• [Your objective]
Transcribe every line from the one containing "Russound Advantage Series" to the end of the listing, exactly as written, and leave out the pictures.

• [Material provided]
------------------------------------------------
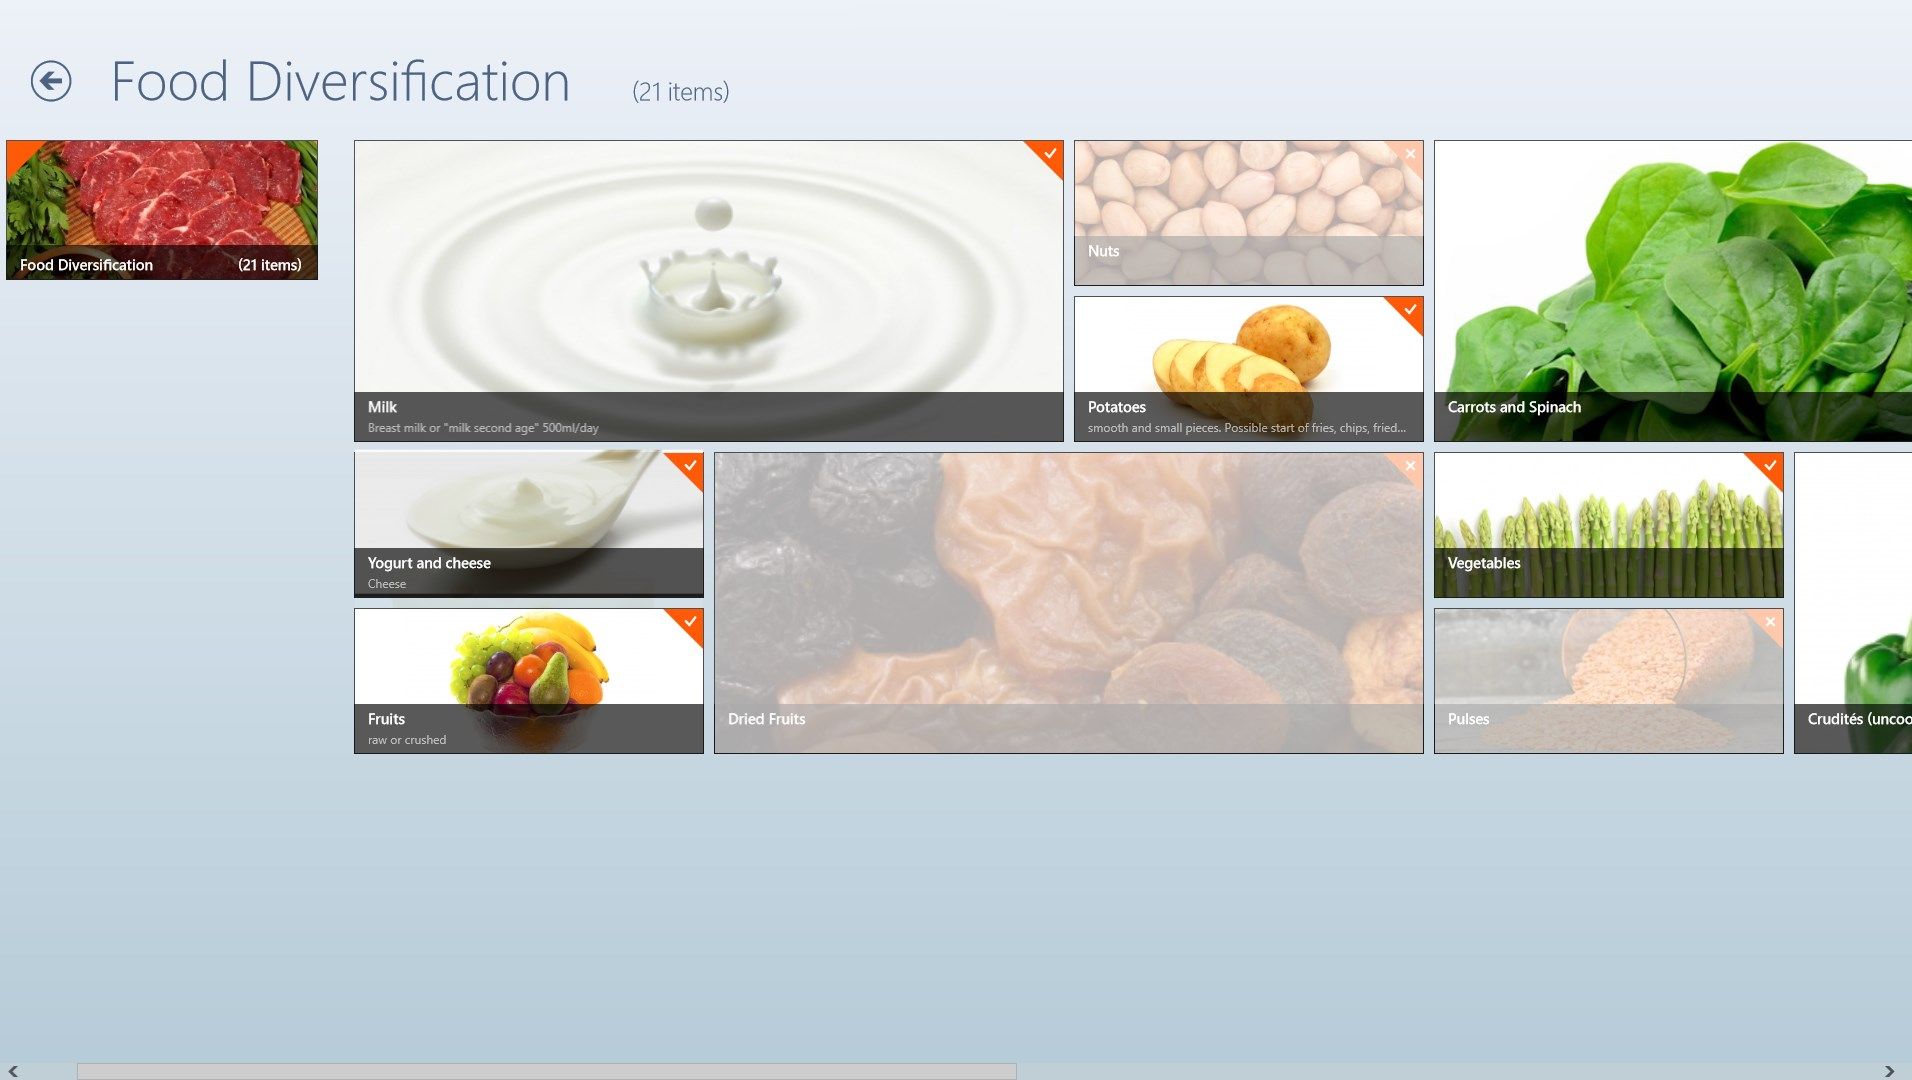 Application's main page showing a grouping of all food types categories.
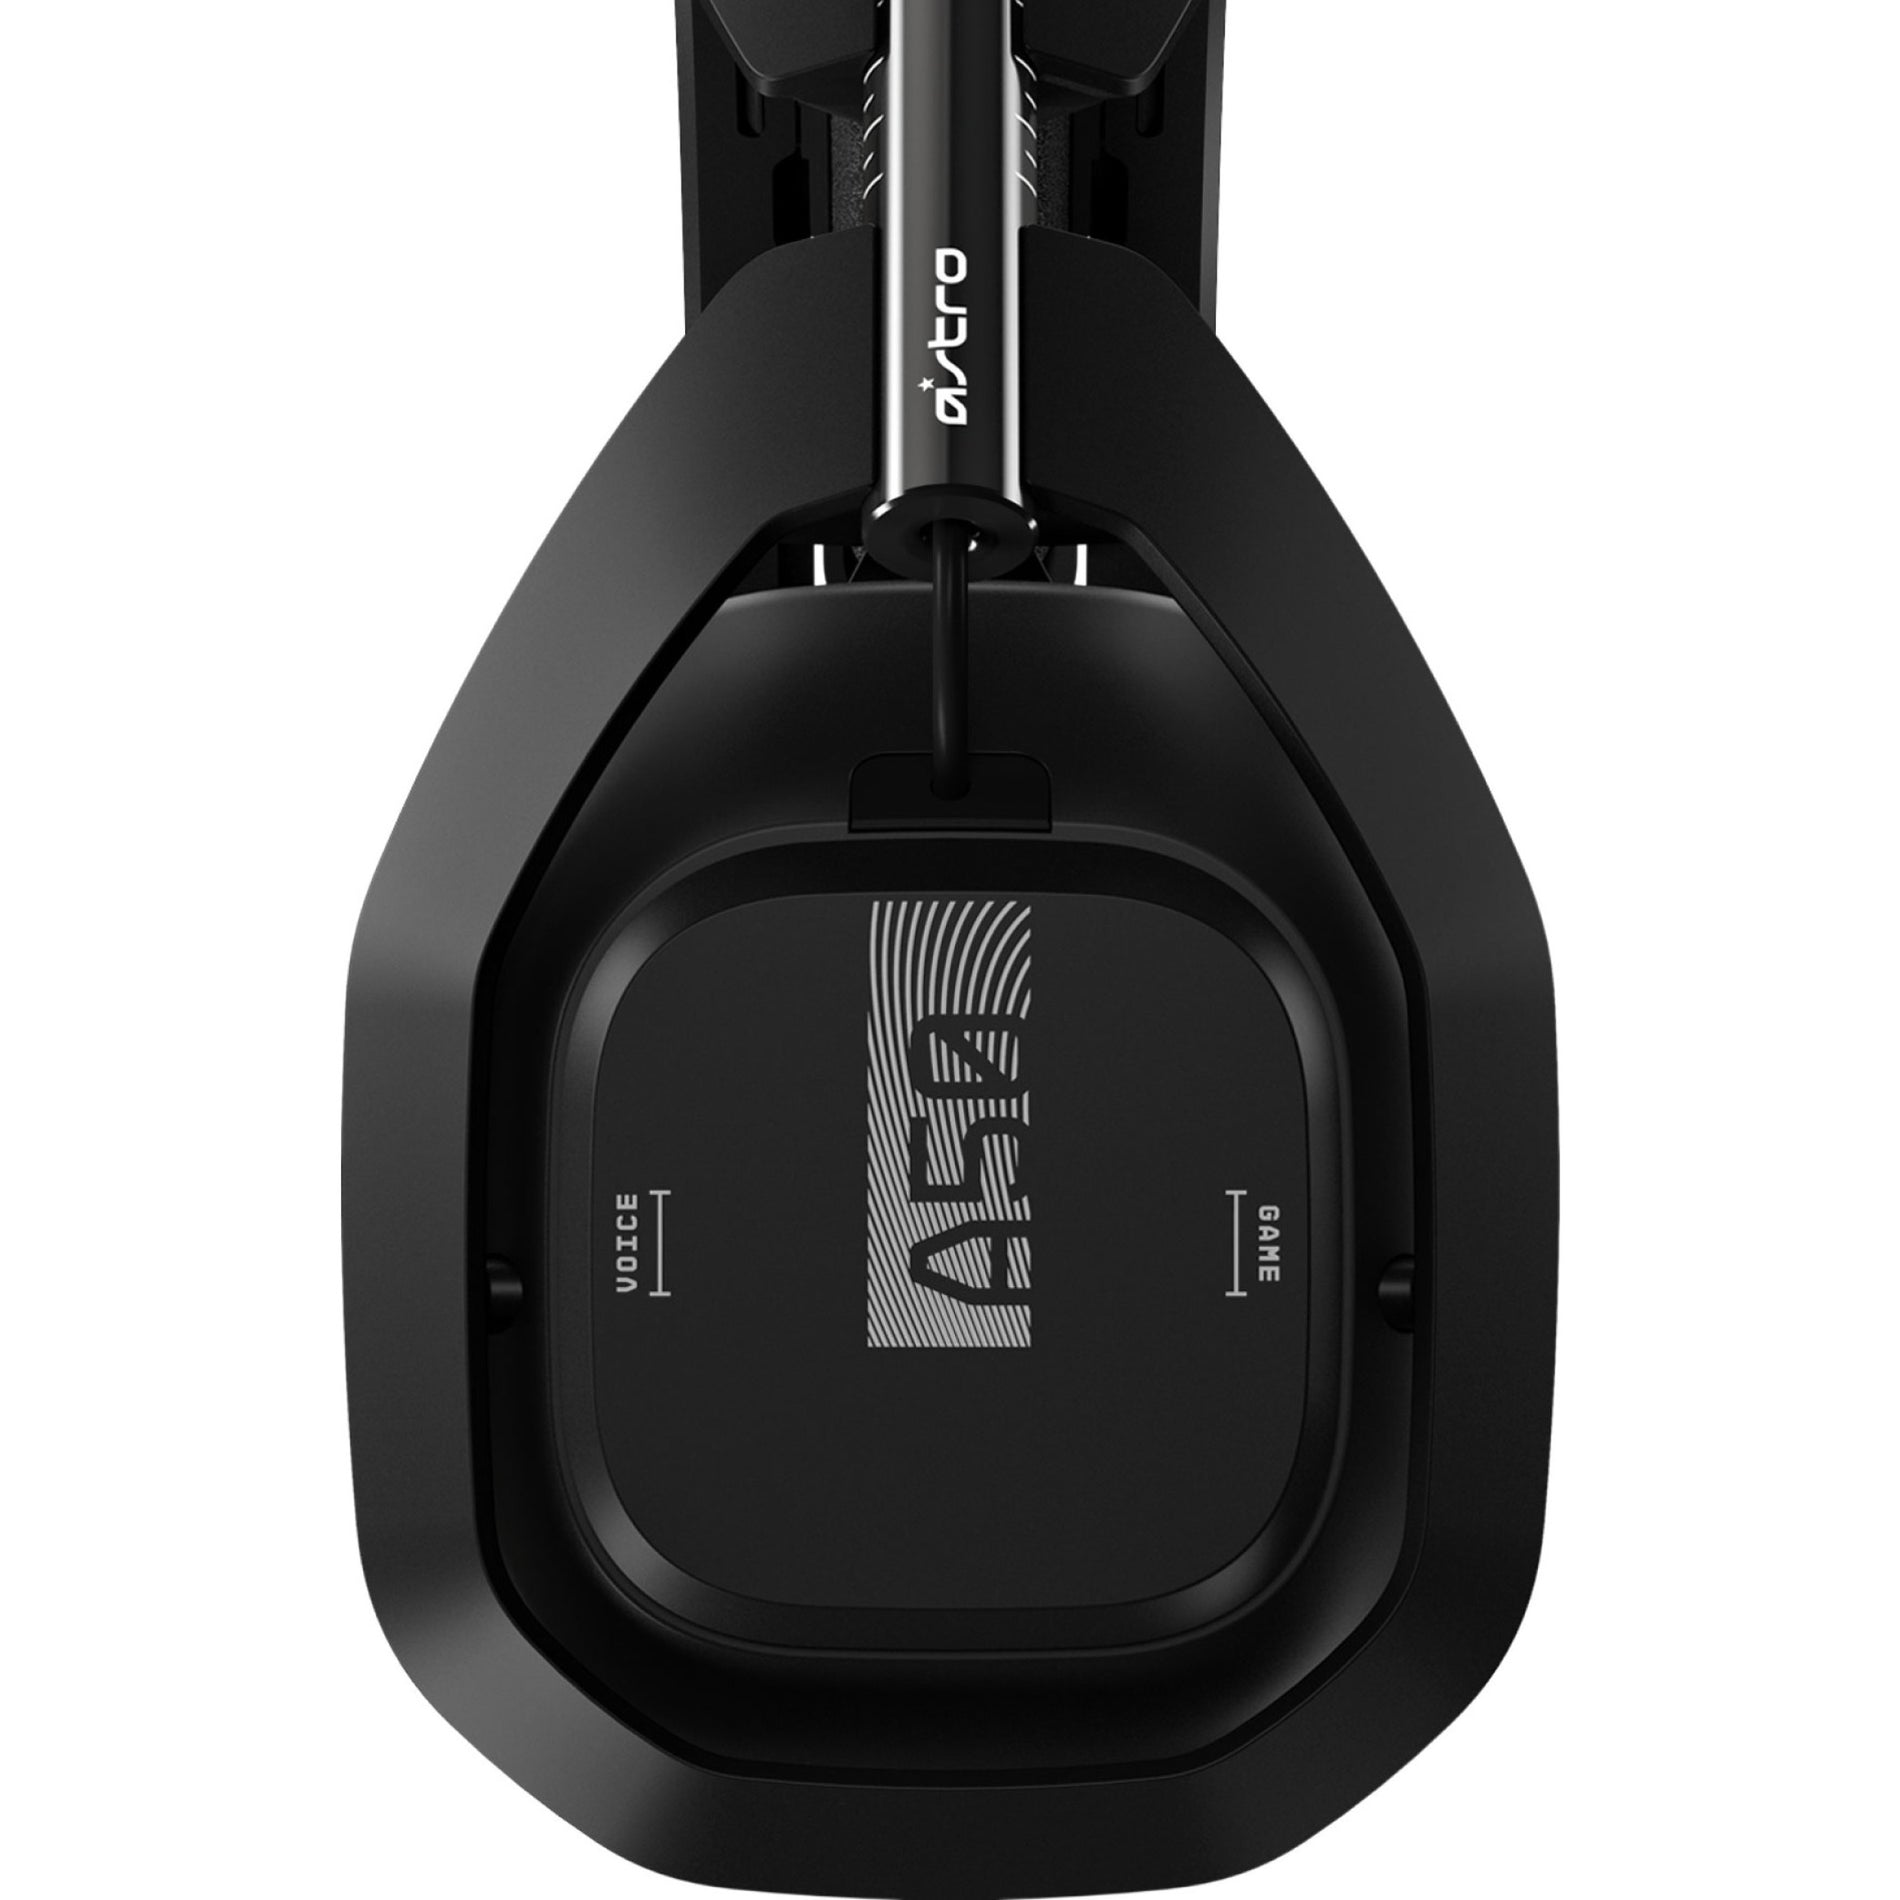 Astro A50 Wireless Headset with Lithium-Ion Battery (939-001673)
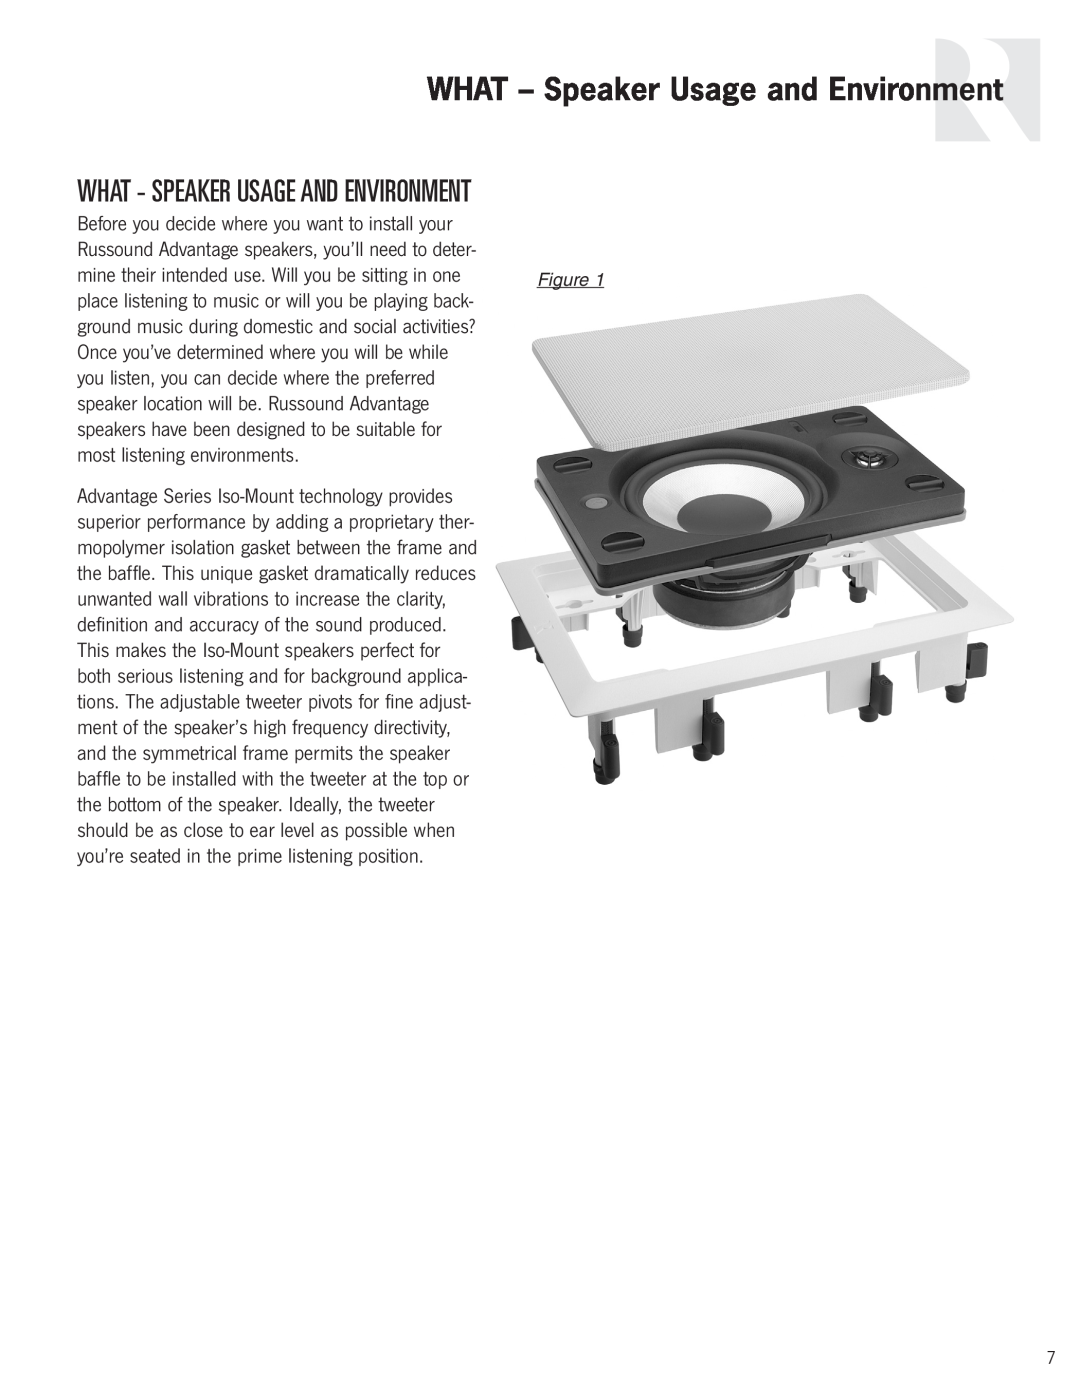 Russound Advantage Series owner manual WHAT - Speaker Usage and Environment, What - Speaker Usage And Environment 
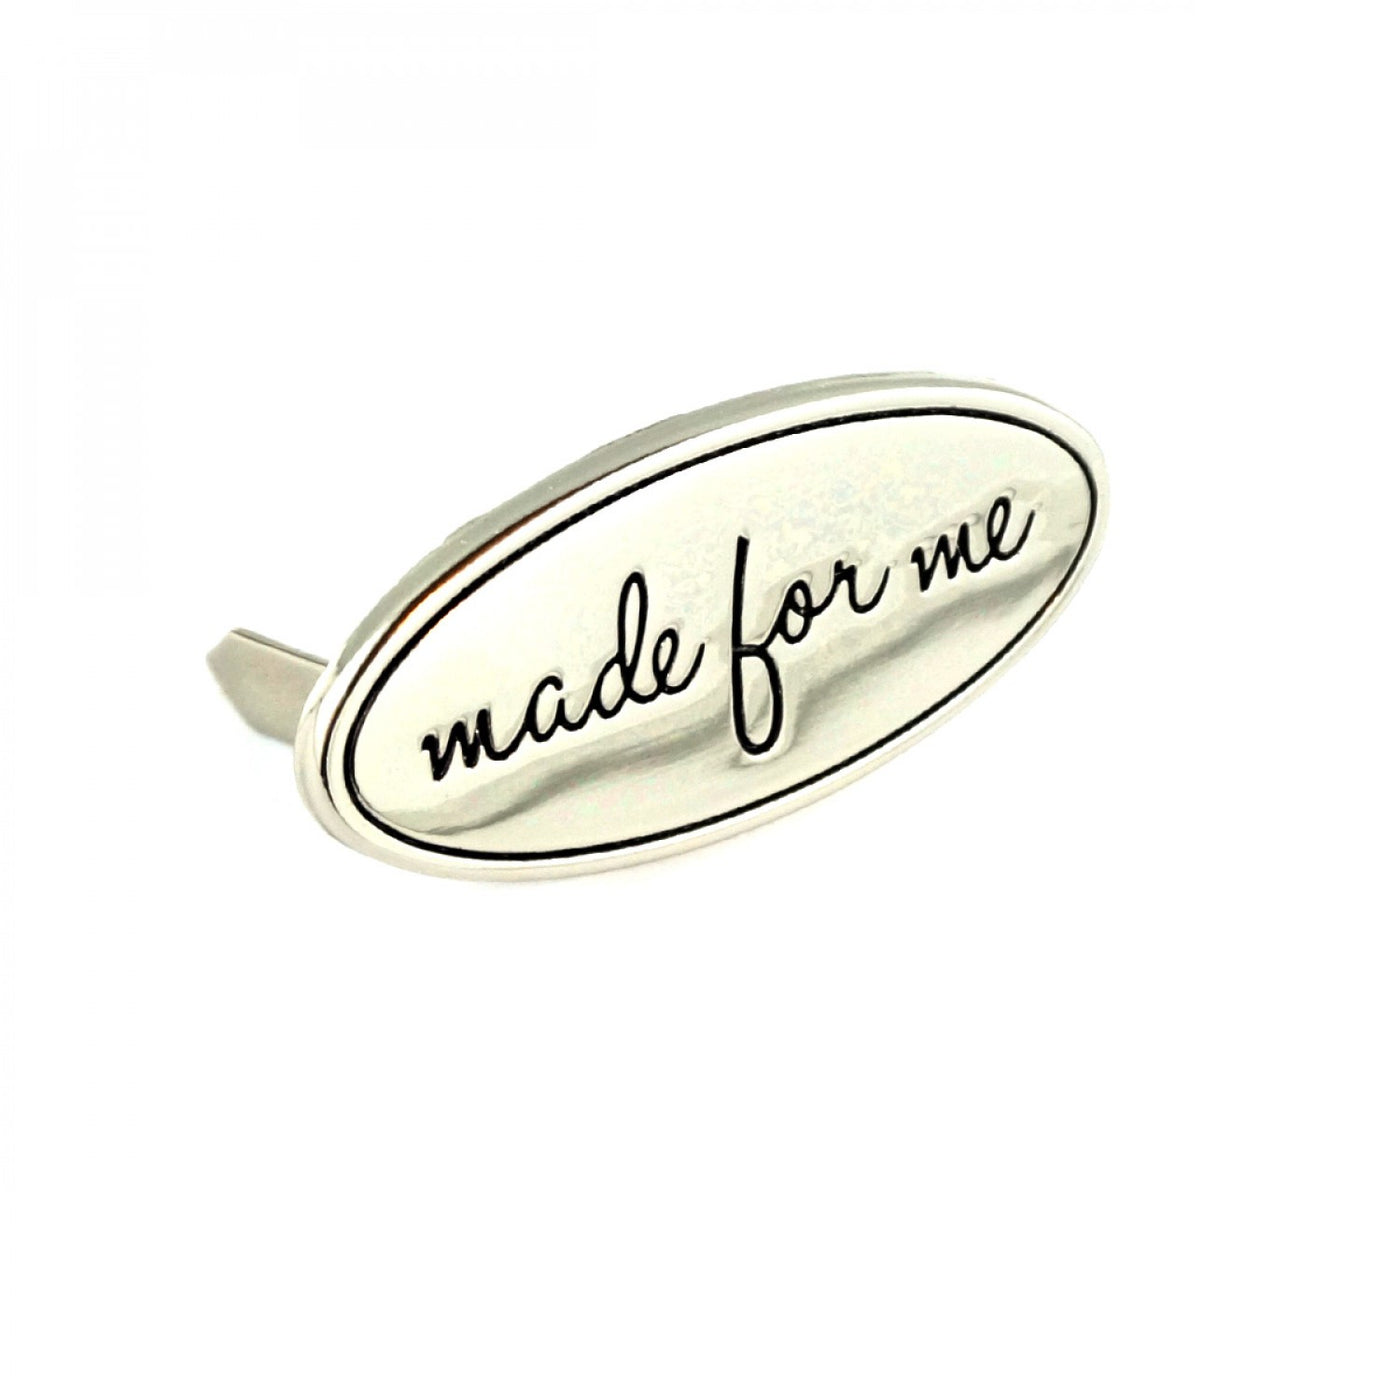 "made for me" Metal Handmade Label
------------------------------------------------
• [Response to the exercise]
 Russound Advantage Series owner manual WHAT - Speaker Usage and Environment, What - Speaker Usage And Environment 
 "made for me" Metal Handmade Label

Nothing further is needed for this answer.